With that said, a few thoughts:
- That meat looks terribly dry. I’d estimate it’s 80% of the way to being jerky. I’ve been to lots of food photo shoots, and I know what they entail, and I know that food routinely starts to look worse while the lights are being tweaked, but still … get it together Rangers.
- The bacon is obviously undercooked. Floppy, limp, flaccid — pick whatever impotence double entendre you want. This probably happened because they ran out of fuel after cooking that massive beef slab of ground beef until it was grey.
- There are no ghost peppers amongst the assorted peppers in that picture, which makes me think that the ghost pepper in the cheese sauce is powdered, which makes me think “why bother?” Especially since there are clearly plenty of jalapeños and sweet peppers lying around — both of which arguably taste better than ghost peppers.
Basically, this burger feels like an execution failure. You’ve been chopped.
“Go home, Rangers, you’re drunk.” — The N.E.Q. Sandwich
This “sandwich” is so muddled that you can’t tell what’s in it and what’s not. Is that an entire jalapeño sitting on a ridge behind the onion rings? Is that whole jalapeño mentioned on the menu or just a mid-sandwich surprise? Notice that there are also sliced and fried jalapeños, so expect “spicy” to be the main discernible flavor.
This is theoretically a modified cheese steak so…I think I see a corner of meat poking out on the far right. The rest is presumably buried under onion rings and uncut mozzarella sticks. This is all piled on a bed of waffle fries which clearly haven’t been cooked. The cheese also looks particularly un-melted — it sticks up at the edges like someone just subbed in round pieces of construction paper. Which brings me to my theory of the day: Is it possible that this whole sandwich is about to be breaded and deep fried? Because that would add some thematic consistency and make it easier to carry.
Whatever the case, I think we can safely say: No human will ever eat this, enjoy it, and then, on a later date, exclaim, “I could really go for one of those sandwiches with the whole goddamn jalapeño and raw potatoes inside.”
“Now you’re just f*cking with us.” — Popcornopolis Pita
This is how big business food inception works: Someone makes this monstrosity, an idiot like me writes about it, the stadium commissary — run by food concession behemoth Delaware North — gets free press, a few people buy the thing, a hundred pitas are wasted, and the whole experiment looks like a win from a bottom line standpoint. That’s not me being jaded, that’s how the modern era of serving food at this scale works. I wouldn’t be surprised to discover they were giving these out for free to anyone with more than 500 Instagram followers.
Speaking as an expert, I can tell you, without doubt, that no one ever thought this dish was going to taste good. Yes, salty and sweet make a good combo. Yes, bacon caramel corn, which this idea derived from, is delicious. But you can’t tell me that a real person said, “Here we go, fam: it’s gonna be brisket, with popcorn, with. … mac and cheese?”

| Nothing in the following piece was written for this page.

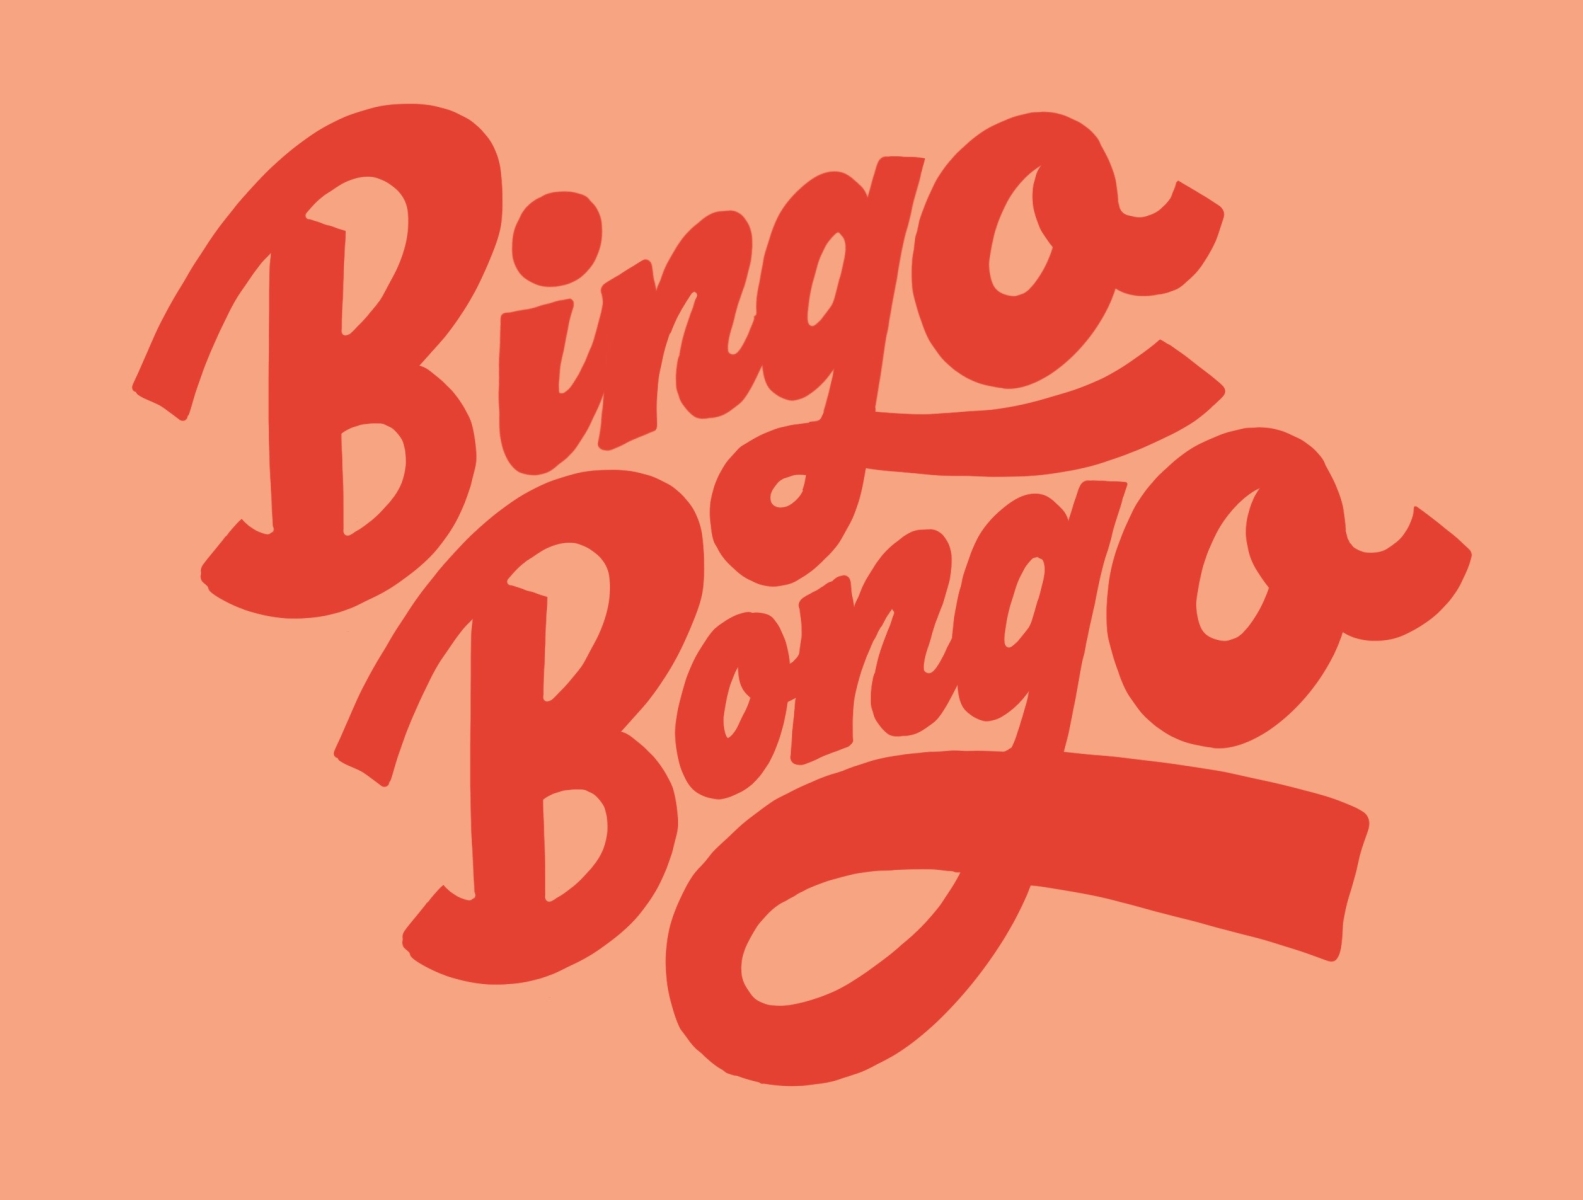 Bingo Bongo Lettering by Loren Klein on Dribbble

To which a Delaware North exec obviously raised her hand to ask, “Will there be gobs of nacho cheese on top?”
Allowing the chef to reply cooly, “You’d better effing believe there’ll be nacho cheese.”
“But wait,” piped an intern, “how will someone transport this brilliant combination up to his gaping maw?”
I imagine that at that point the room fell silent. The chef tapped his finger against his chin and let out a slow, “hmmmmmm.”
All eyes turned to him.
“I wonder,” the chef said, playing the moment for effect, “if the ancient Mediterranean culinary tradition has anything to offer us here? I know… we’ll put it in a pita!“
And so a dish was born. They should probably just swap in “popcornopolis pita” for “peanuts and Cracker Jacks” in Take Me Out to the Ballgame now and be done with it.
But hey, Rangers fans, at least you’ve got some new items to try out (or stay far away from) if you’re watching your team try to win it all.